Climbing the stairs hidden behind the small door between Steffen's butcher shop and his restaurant, Frank's Table, one arrives at the family business' offices. Two buildings that were once separate, but which the young CEO (for "chief entrecôte officer"), Tom Steffen, knows well. "We grew up in the building above the butcher shop. We ate every lunchtime with the staff," he recalls.
He welcomes us there, accompanied by his sister, Lisa Steffen, who is ten years his junior. She has just joined the company founded by their father in 1989. From the first butcher's shop in Steinfort, the group has grown to five. And it has transformed itself by adding curing, catering and restaurant activities, employing around 200 people and exceeding a turnover of €20 million by 2018.
Learning to surf
"The moment Lisa joins us is somewhat similar to a situation I experienced in 2009," recalls Tom Steffen. After studying hotel and restaurant management at the Institut Paul Bocuse in Lyon, he completed a number of internships between 2006 and 2008. "Normally, it was planned that I would do other external experiences. But we had a discussion with my father who told me: 'there is a major crisis. If you want to learn to surf, there are waves.
So he joined him, first as operations manager, before moving on to general management. Today, with the Covid-19 crisis, "it's a bit of a rebound," he smiles. Lisa Steffen finished her hotel studies in Switzerland in February 2021, during which she was able to do some internships in London and Paris. On 1 May, she joined the family group. Both agree on one thing: this is not the easy choice, contrary to what many think.

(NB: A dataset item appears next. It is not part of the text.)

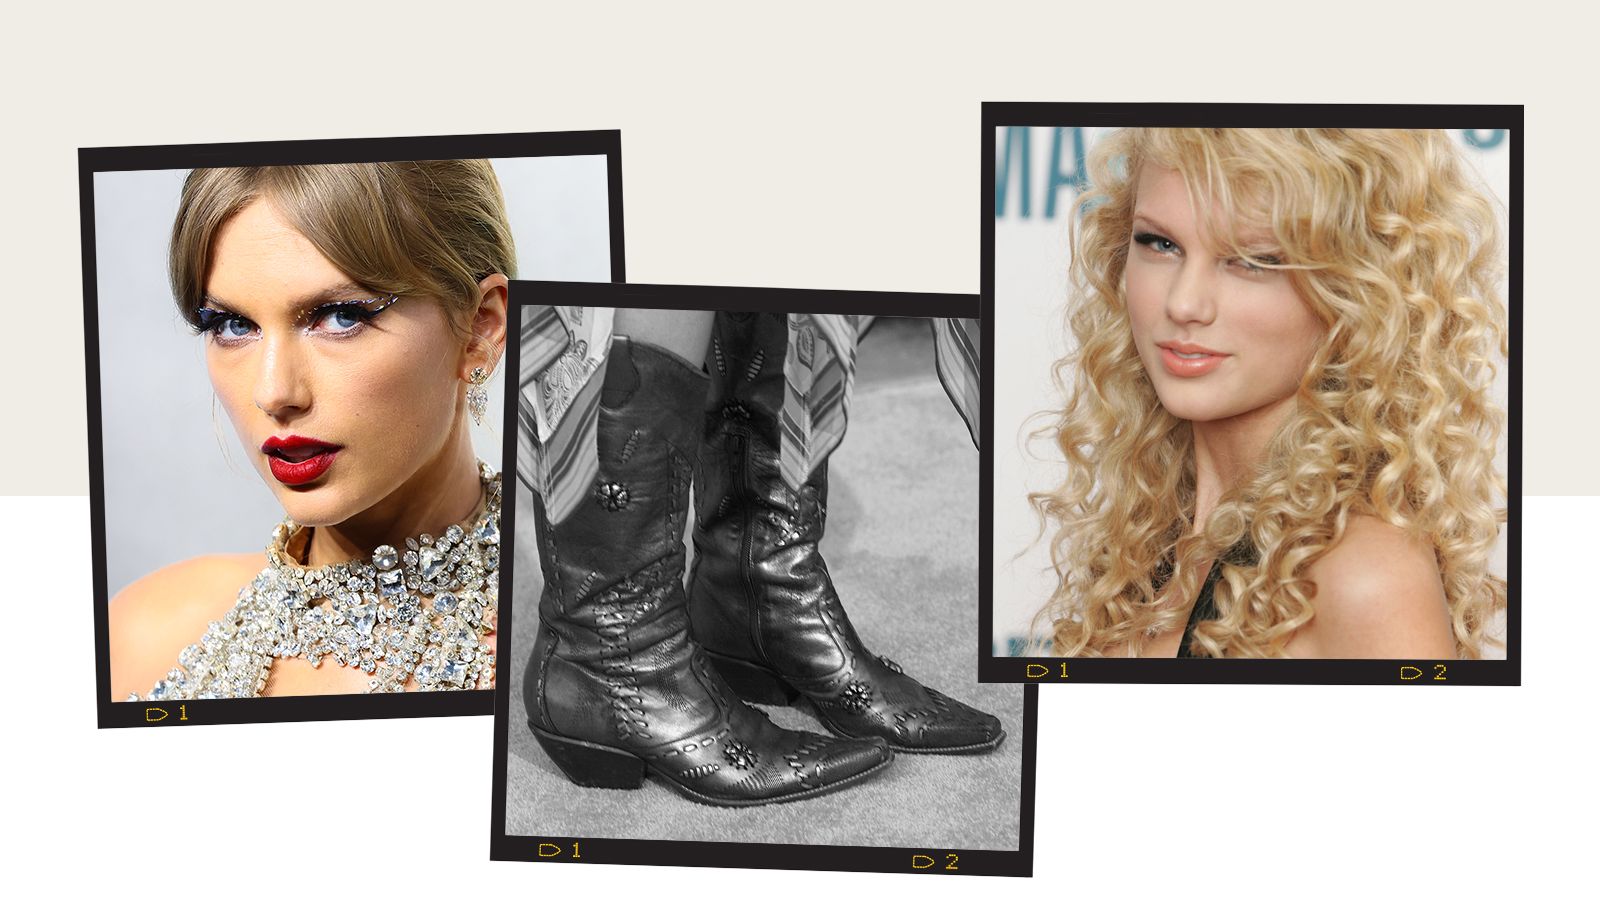 Taylor Swift 10 Most Unknown Facts That will Shocked You

After high school, Lisa Steffen considered becoming a psychologist. She hesitated, wanted to take some time to think about it, and went abroad for six months. She finally interviewed for the hotel school in the Indonesian jungle. "Everyone had to cut their internet connection," she recalls. Seeing her "passionate" father and then her brother enter the business motivated her decision to get involved in "a family business in a field that [she] is passionate about."
A challenge to meet
"One might be led to believe that this is the simplest choice. It might be the most obvious choice. But when it comes to the challenge, you soon discover that it's not," adds her older brother, aged 35. "It's an opportunity, I'm not going to hide from it. That I can, by my behaviour, honour or not." He also notes a boundless dedication. "It's something I'm passionate about to the point where I don't see it as professional if from 11pm to 2am there's an idea I can't get out of my head."
He says of his choice: "For me, a bit like Lisa, it's an environment I've always worked in - my holidays washing dishes, curing [meat]... It allows you to experience that corporate life from a young age." He did think about architecture in high school, but from the very first technical drawing classes, "I quickly realised that I liked architecture more than architecture liked me," he jokes.
One might be led to believe that this is the simplest choice. It may be the most obvious choice. But in terms of challenge, it is not.
Frank Steffen sees two of his children joining the company. This is a source of pride, even though he "never forced them". "We were free," says his daughter. Before he chose this path, Tom Steffen says he was even drowning in architecture books. "He just wanted his children to succeed, in any field. Their sister, Anne, took a different path and works for a jeweller in Switzerland. "It was never an option to come into the business without studying," adds Lisa Steffen.
At the moment, she accompanies her brother in meetings to understand all the departments, in addition to her tasks as project manager. "It is this understanding of the company's life that will eventually make it possible for us to have a first name in addition to our family name," explains Tom Steffen. This is mainly passed on from brother to sister, after father to son. Frank Steffen had to take a step back from the day-to-day business after a fall in mid-2020.
Management without ego
The aim will be to share the management between brother and sister: "We are very complementary. I'm a pragmatic person, whereas Lisa has a value that I always try to draw on, she works very much from the heart."
Regarding the transmission of the capital, "it's my father who will determine it, because it's his heritage. We don't have a fixed timeline. For me, it's not possible to have someone who contributes a lot to the intangible asset, but who from a material point of view doesn't have his proper share of the cake. The fact that I have been with the company since 2009 and Lisa since 2021 makes no difference. There is no ego thing."
Lisa has a value that I try to emulate, she works very much from the heart.
While the second generation is gradually taking over, it may seem early to talk about the third. Lisa and Anne Steffen have no children, Tom Steffen has two daughters, aged five years and ten months. "I don't see this project as an end in itself. I've never thought about selling. If my daughters or Lisa's children, or even my sister Anne's children, want to be happy in the business, then so be it. If they don't, they won't." A freedom of choice, again, well passed on.